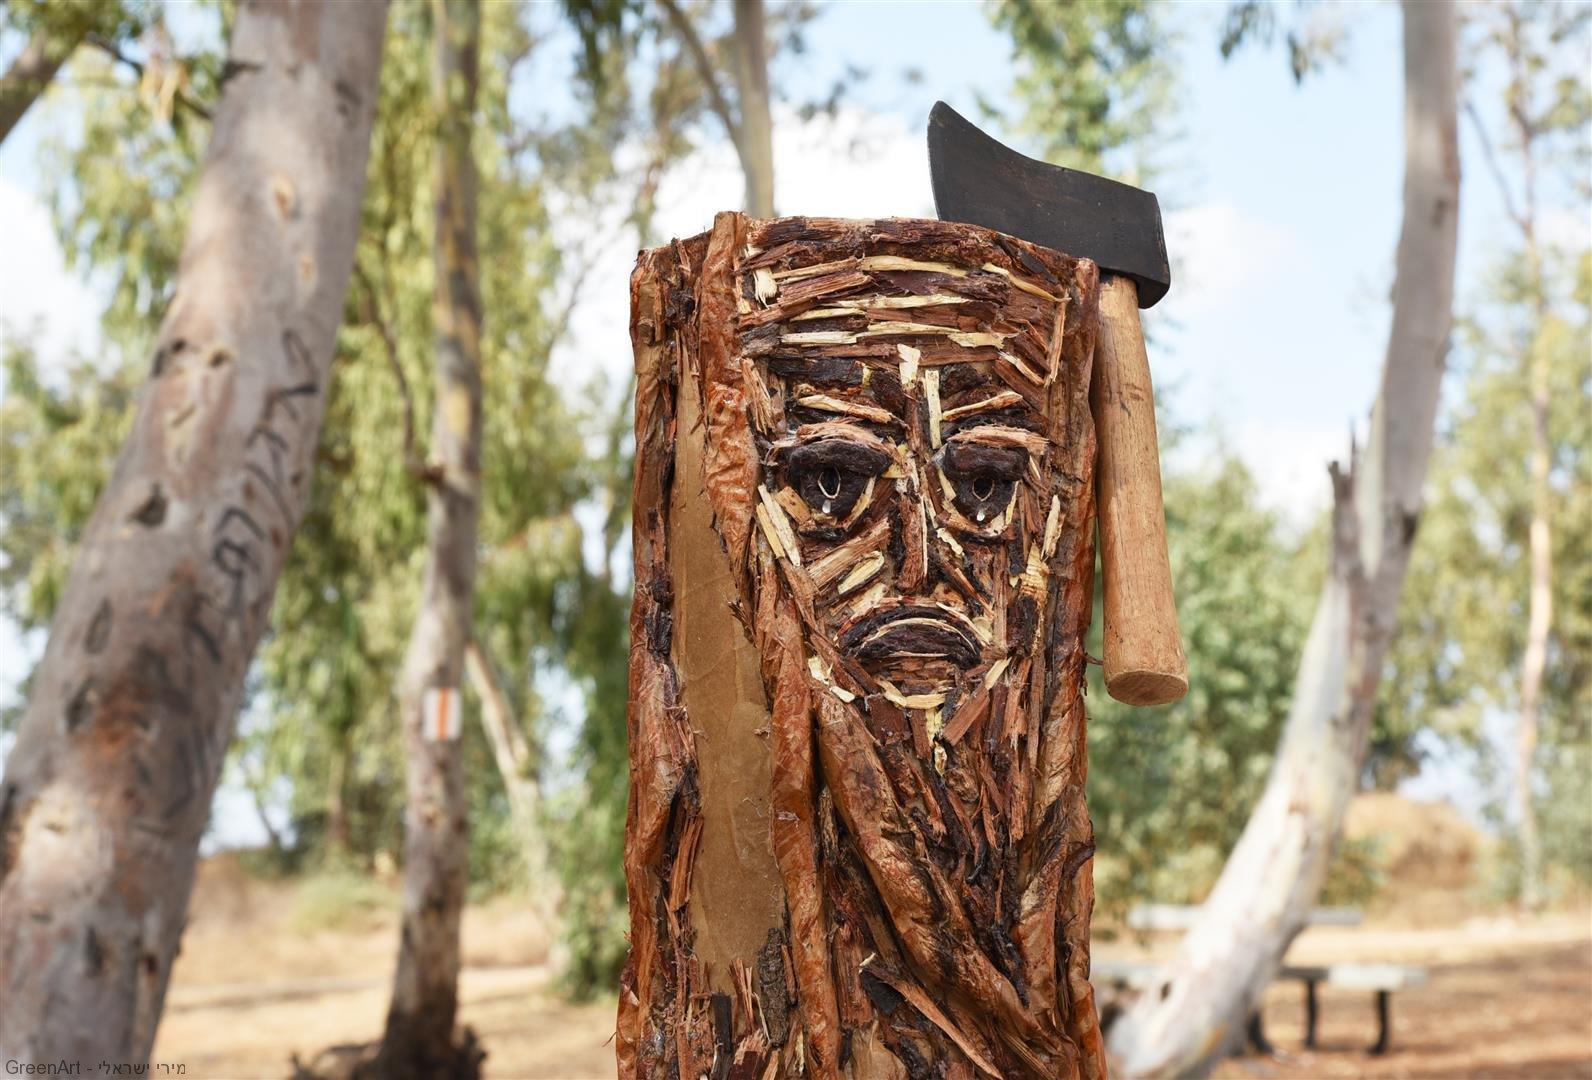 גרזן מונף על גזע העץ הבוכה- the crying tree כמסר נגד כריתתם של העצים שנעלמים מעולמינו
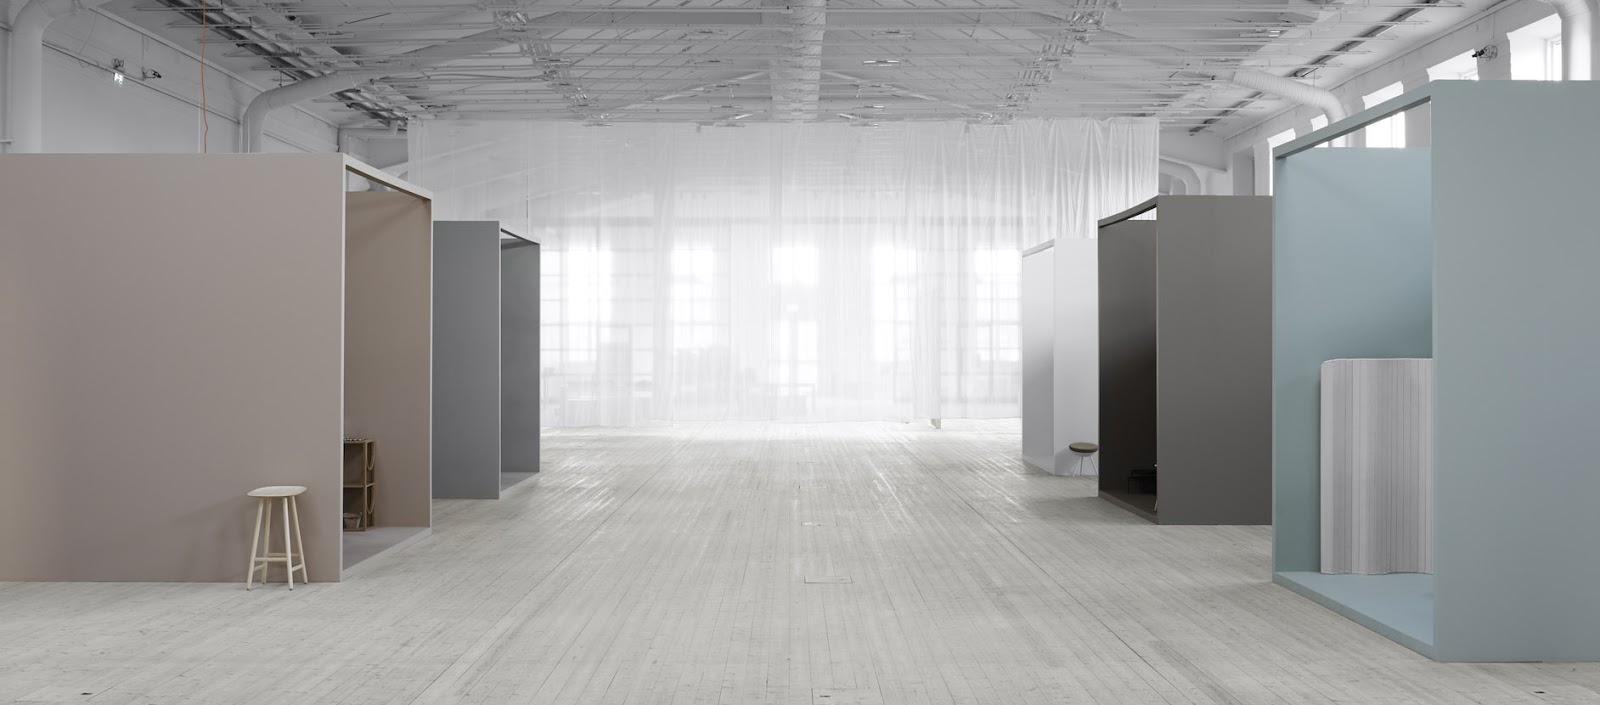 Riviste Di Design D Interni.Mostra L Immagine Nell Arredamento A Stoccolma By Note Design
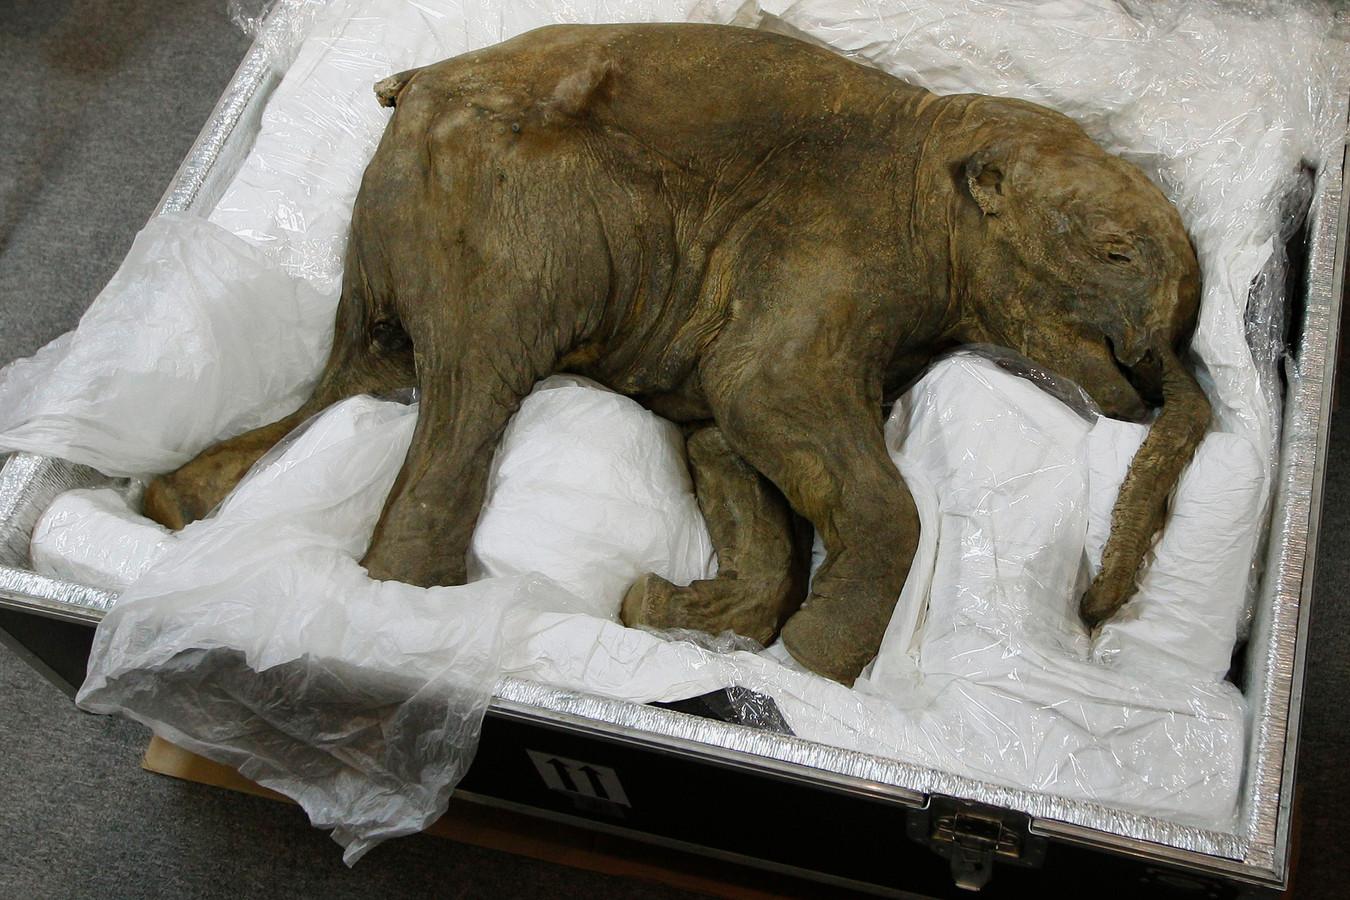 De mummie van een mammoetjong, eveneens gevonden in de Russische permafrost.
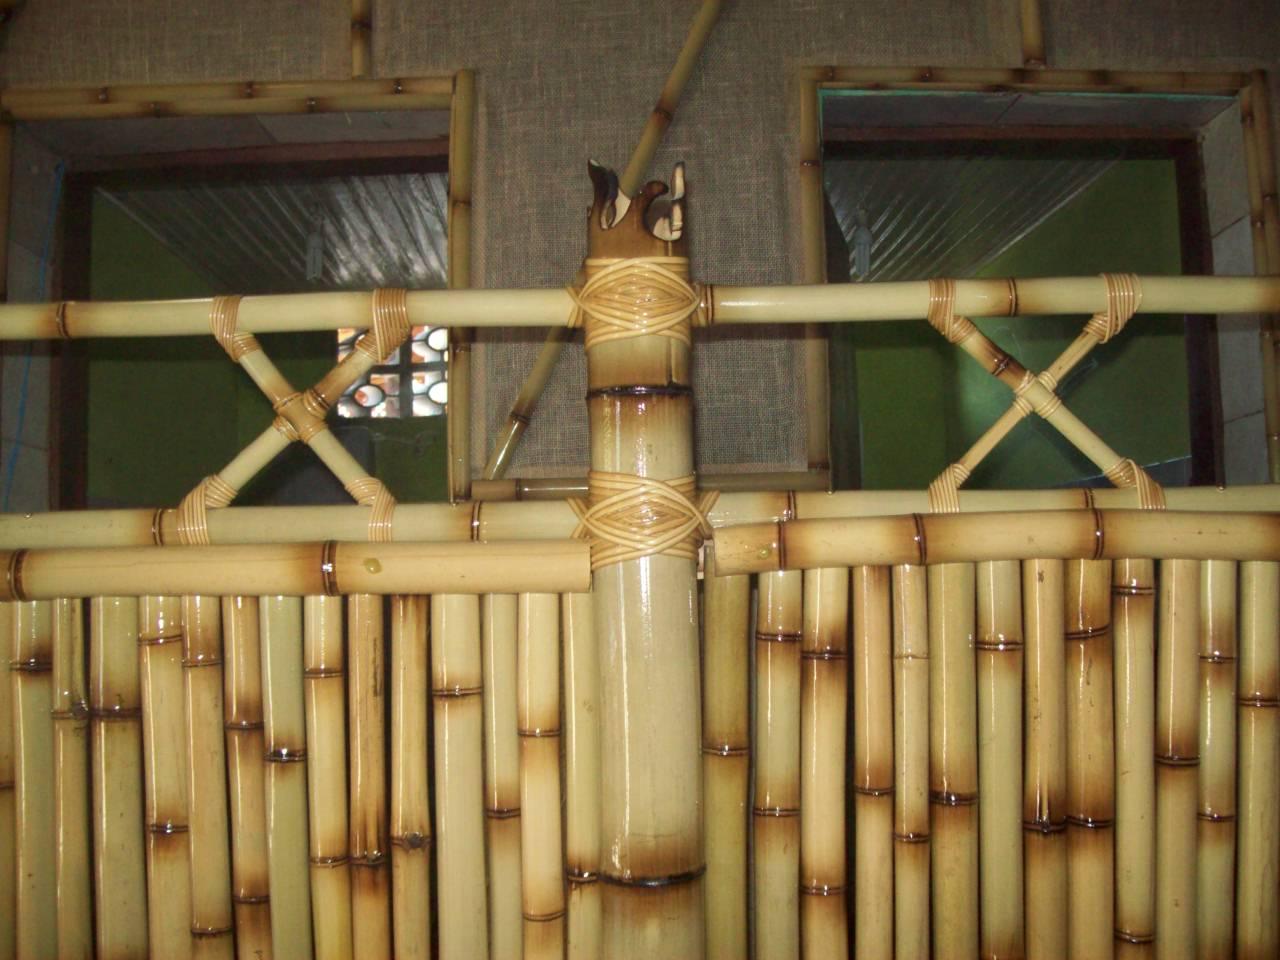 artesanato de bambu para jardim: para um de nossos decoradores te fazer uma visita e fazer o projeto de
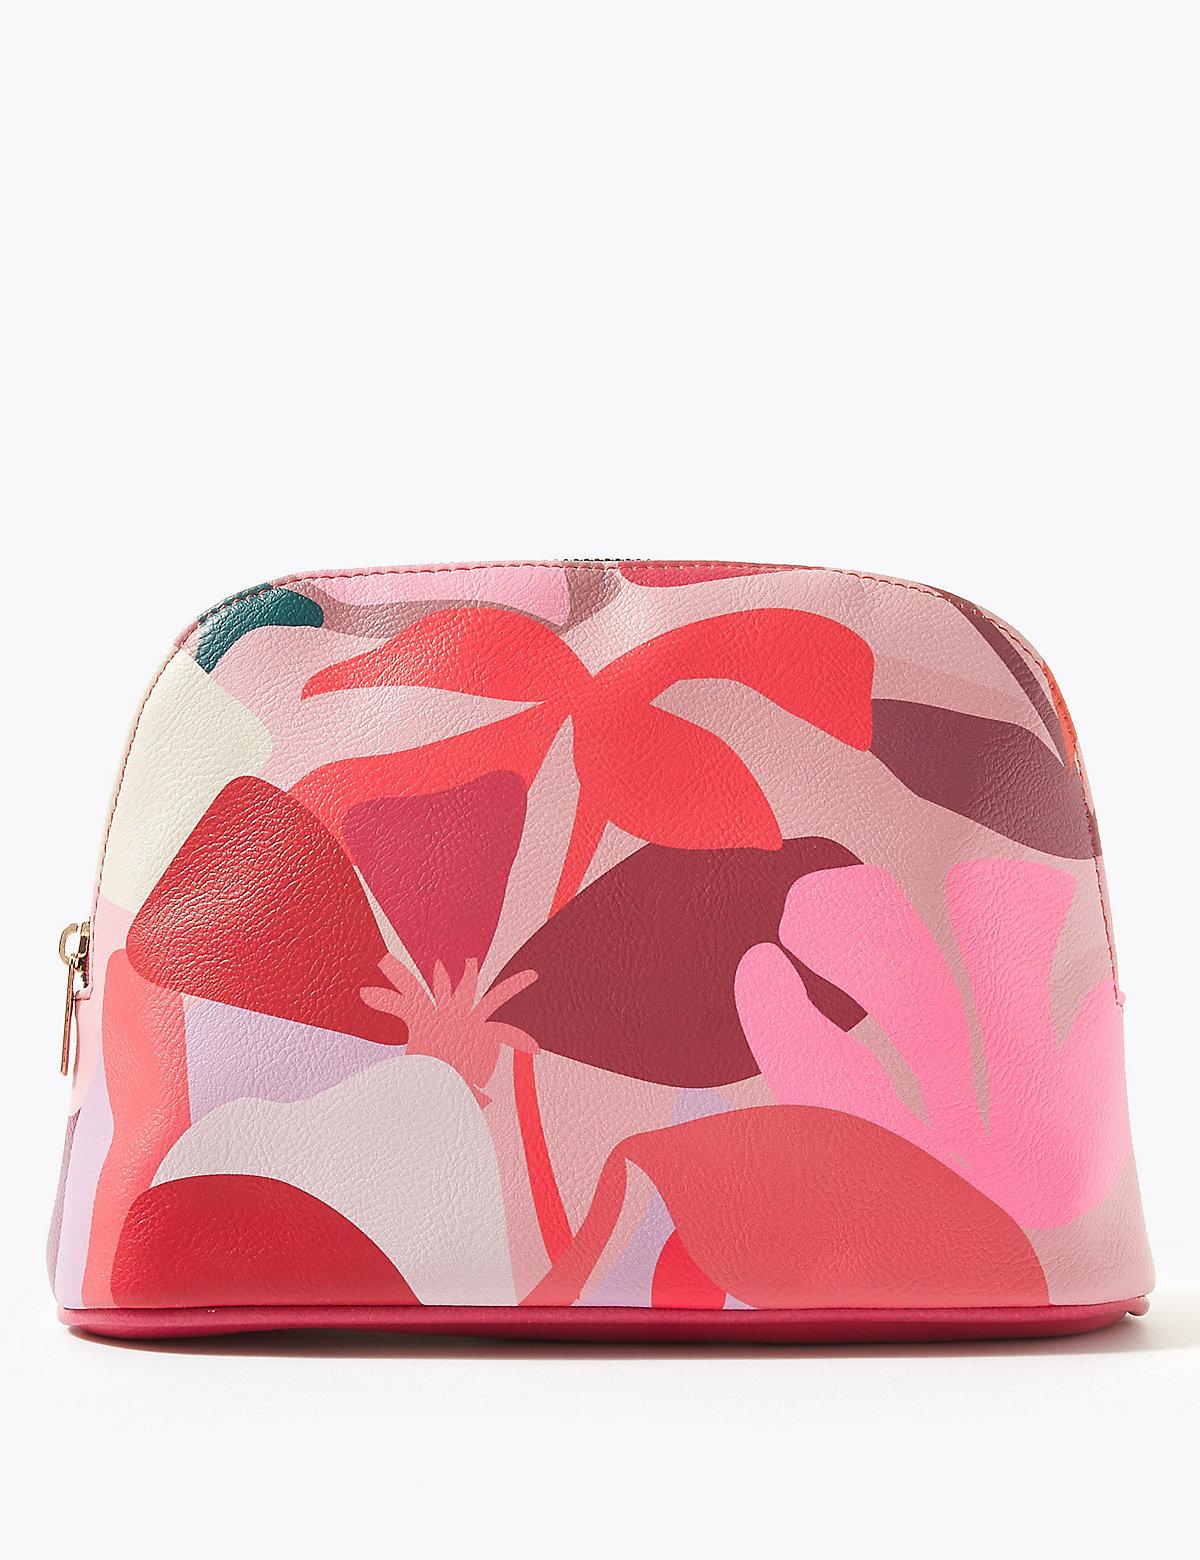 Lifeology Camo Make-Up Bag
⁂
**ABOUT THIS EXERCISE**
Transcribe the entries word for word, without their pictures.

**FINAL ANSWER**
 גרזן מונף על גזע העץ הבוכה- the crying tree כמסר נגד כריתתם של העצים שנעלמים מעולמינו
 Riviste Di Design D Interni.Mostra L Immagine Nell Arredamento A Stoccolma By Note Design
 De mummie van een mammoetjong, eveneens gevonden in de Russische permafrost.
 artesanato de bambu para jardim: para um de nossos decoradores te fazer uma visita e fazer o projeto de
 Lifeology Camo Make-Up Bag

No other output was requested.